- Directed by: Master Vinayak
- Written by: P. K. Atre (story and dialogues for Marathi version) Pandit Indra (dialogues for Hindi version)
- Starring: Master Vinayak Meenakshi Shirodkar Damuanna Malvankar G D Madgulkar
- Cinematography: Pandurang Naik
- Music by: Dada Chandekar
- Release date: 1938;
- Country: India
- Languages: Marathi Hindi

= Brahmachari (1938 film) =

Brahmachari

Brahmachari is a 1938 black and white Marathi film. The film was directed by Master Vinayak and written by Pralhad Keshav Atre and starred Master Vinayak himself along with Meenakshi Shirodkar in lead roles.The film was also made in Hindi language.

Atre paired with Master Vinayak for the second time for this film after the 1937 film Dharmaveer.

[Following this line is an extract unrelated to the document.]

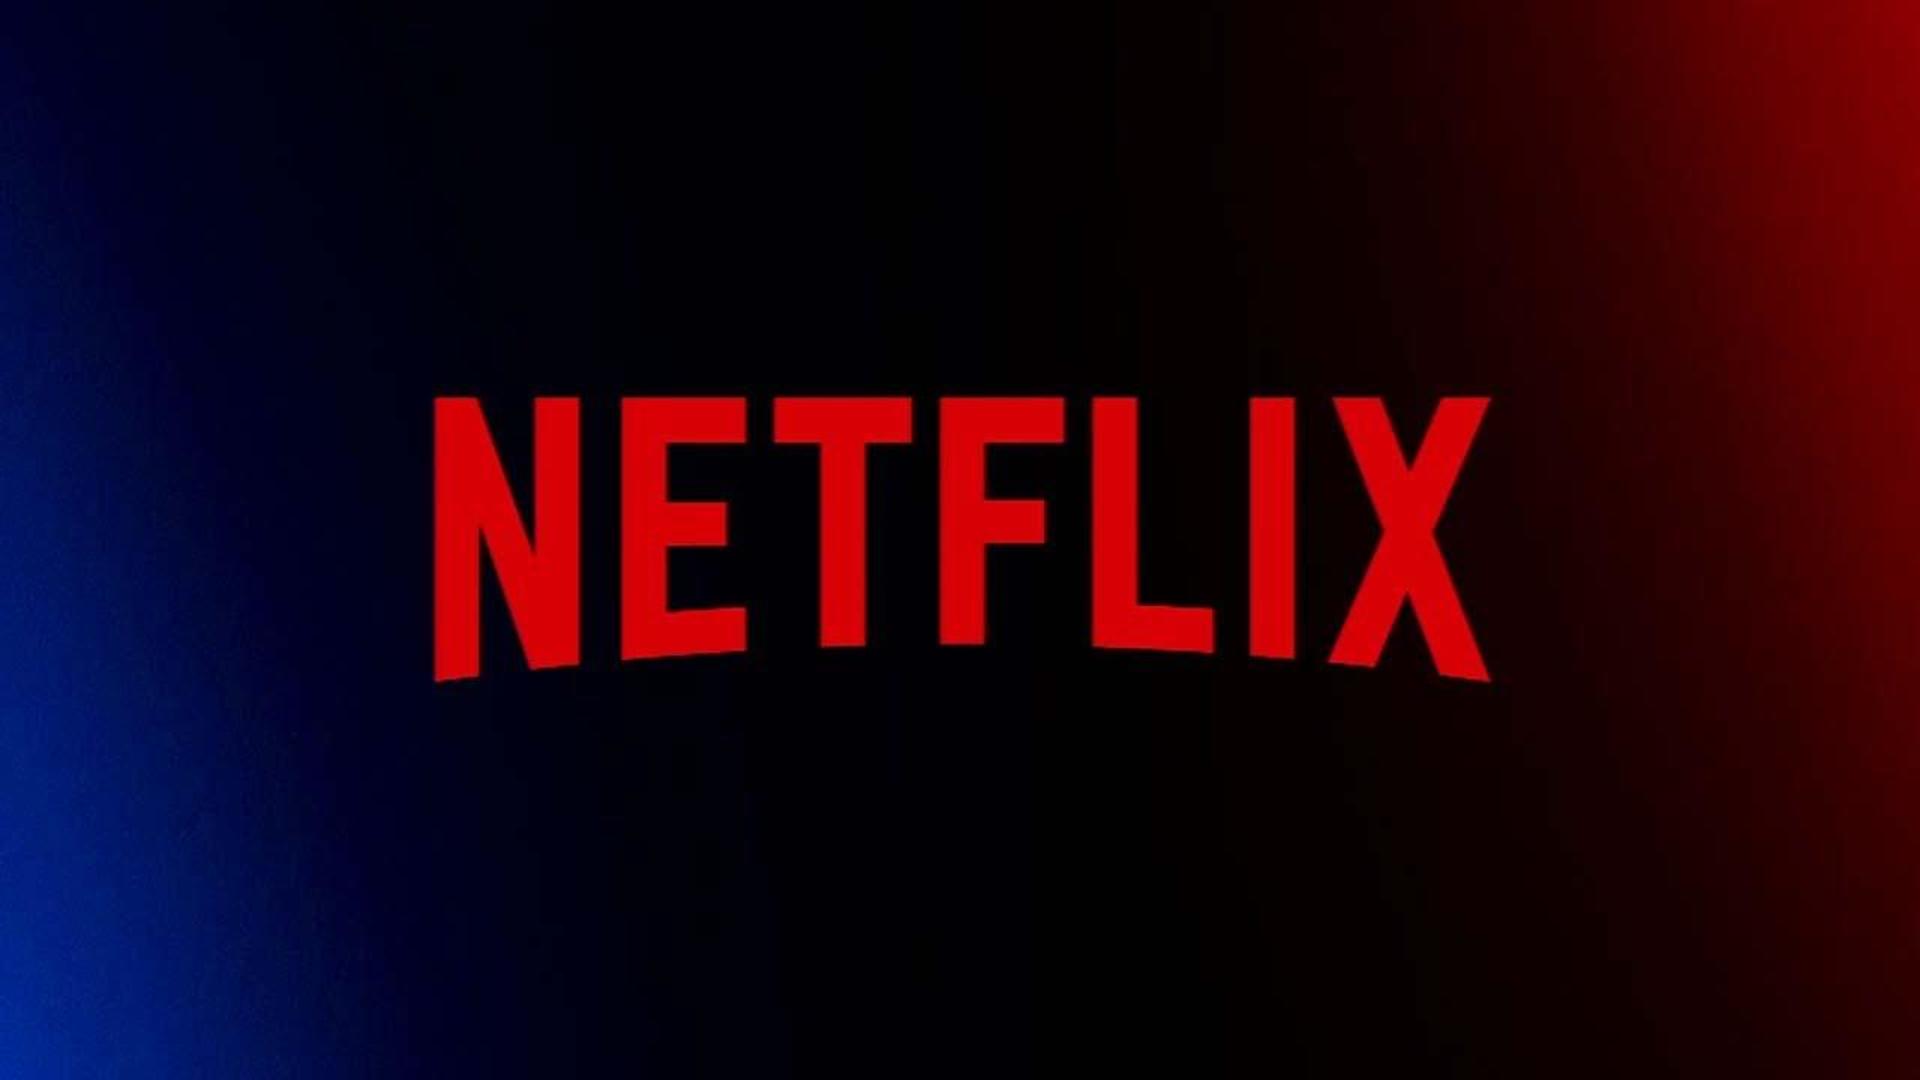 Netflix to increase Asia content spending by 15%

Apart from the witty dialogues and satirical theme, the film became popular for Shirodkar's seductive song sequence wearing a swimsuit.

==Plot==
Audumbar is a young and ordinary man. On one occasion he happens to listen to the lecture given by Deshbhakta Jatashankar. Jatashankar in his speech emphasizes discipline and celibacy. This speech inspires Audumbar and he decides to join the Institute of Acharya Chandiram. He renounces his sexual desires and also throws away his collection of posters of film actors.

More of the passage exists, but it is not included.